Mereka yang hidup mengandalkan curah hujan untuk menghasilkan makanan menjadi kelompok yang rentan. Di Afrika, lebih dari 95 persen produksi pangan dihasilkan pertanian tadah hujan, tetapi hanya 5 persen investasi air pertanian publik yang mendukung sistem pertanian ini.

Tapi solusi dari masalah ini mungkin berada tepat di atas kepala kita.

“Saat ini, sebagian besar negara di sub-Sahara Afrika hanya menggunakan 5 persen dari potensi air hujan mereka,” kata Maimbo Malesu yang mengepalai Unit Pengelolaan Air di CIFOR-ICRAF (Center for International Forestry Research dan World Agroforestry) dan kantor Zambia. “Mengikutsertakan air hijau dapat meningkatkan ketahanan pangan dan kesehatan ekosistem.”

Warna-warni air

Di daerah tropis, air berasal dari dua sumber utama: ‘sungai yang melayang’ atau flying river yang merupakan aliran kelembaban atmosfer (‘air pelangi’) yang menghasilkan tutupan awan dan hujan, dan ‘menara air’ – daerah aliran sungai yang lebih tinggi yang menghasilkan sungai (‘air biru’), yang turun ke daerah hilir yang lebih kering. Sungai mengumpulkan sekitar sepertiga dari total curah hujan di atas daratan.
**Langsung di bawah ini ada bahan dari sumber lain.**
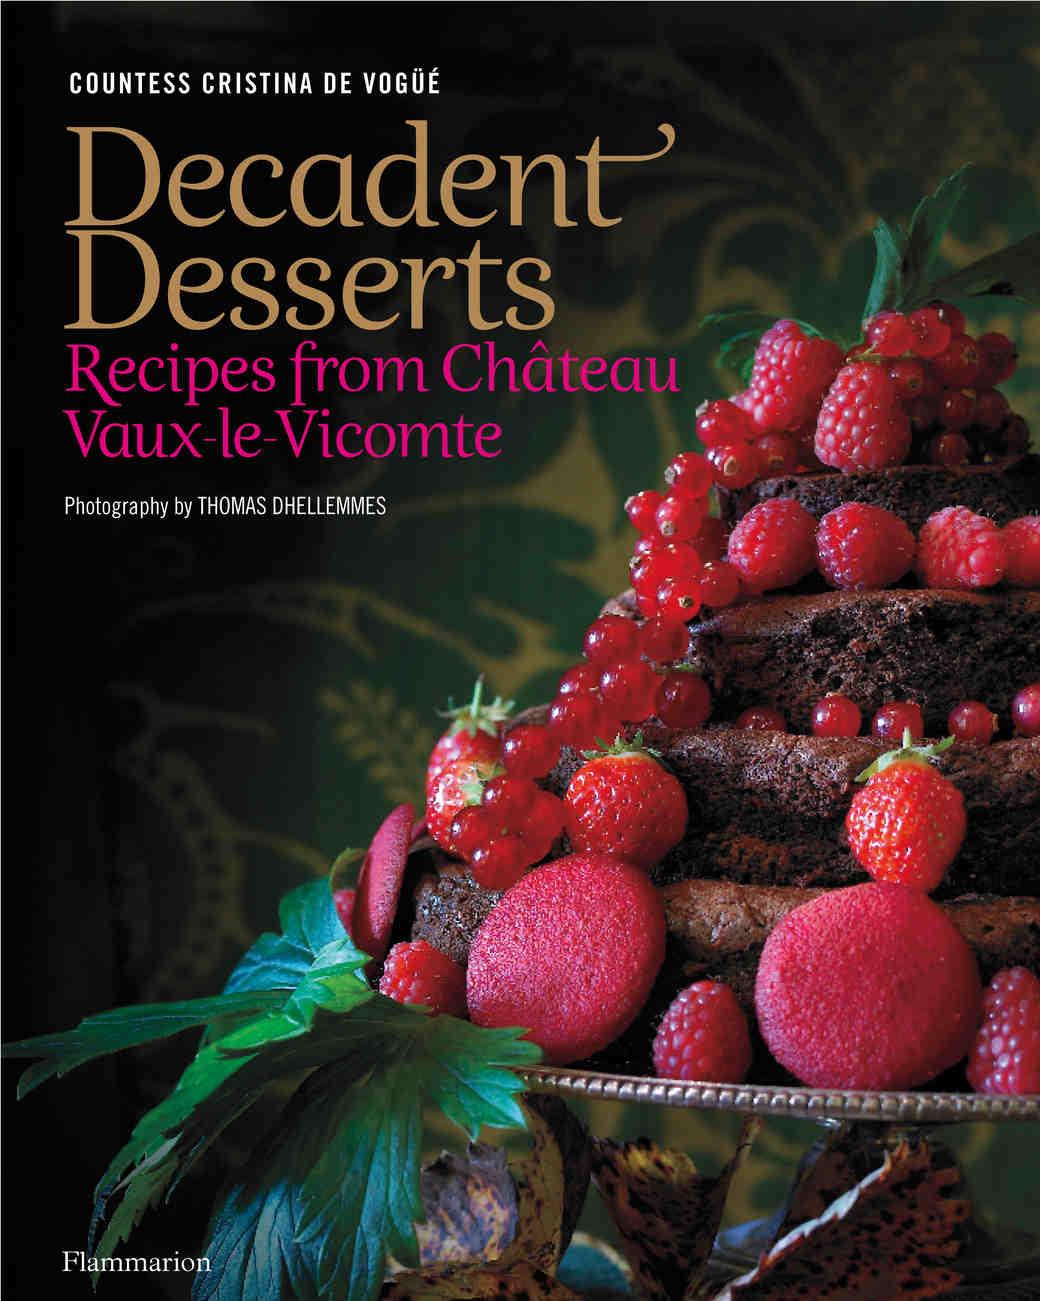 vaux-le-vicomte-decadent-desserts-book-0914.jpg

Pohon dan tanaman lain menggunakan dua pertiga lainnya sebagai ‘air hijau’ melalui evapotranspirasi. Perubahan tutupan lahan antara hutan, padang rumput, dan tanaman terbuka memengaruhi kemampuan tanah untuk menyerap air, serta kemampuan vegetasi untuk menggunakannya dan mendaur ulang ke atmosfer. Sebagai contoh, pohon yang berakar dalam menarik air dari lapisan tanah yang dalam, dan mengeluarkannya ke lapisan tanah atas, yang akhirnya digunakan tanaman. “Pada dasarnya, tanpa adanya pohon, air akan terbuang sia-sia, karena pohonlah yang membantu mencegah erosi tanah,” jelas Malesu. “Pohon dalam sistem pertanian – seperti dalam agroforestri – mengelola air dengan lebih baik, meningkatkan produktivitas, dan meningkatkan nilai air. Tapi air hijau ini diabaikan dalam perencanaan hidrologi.”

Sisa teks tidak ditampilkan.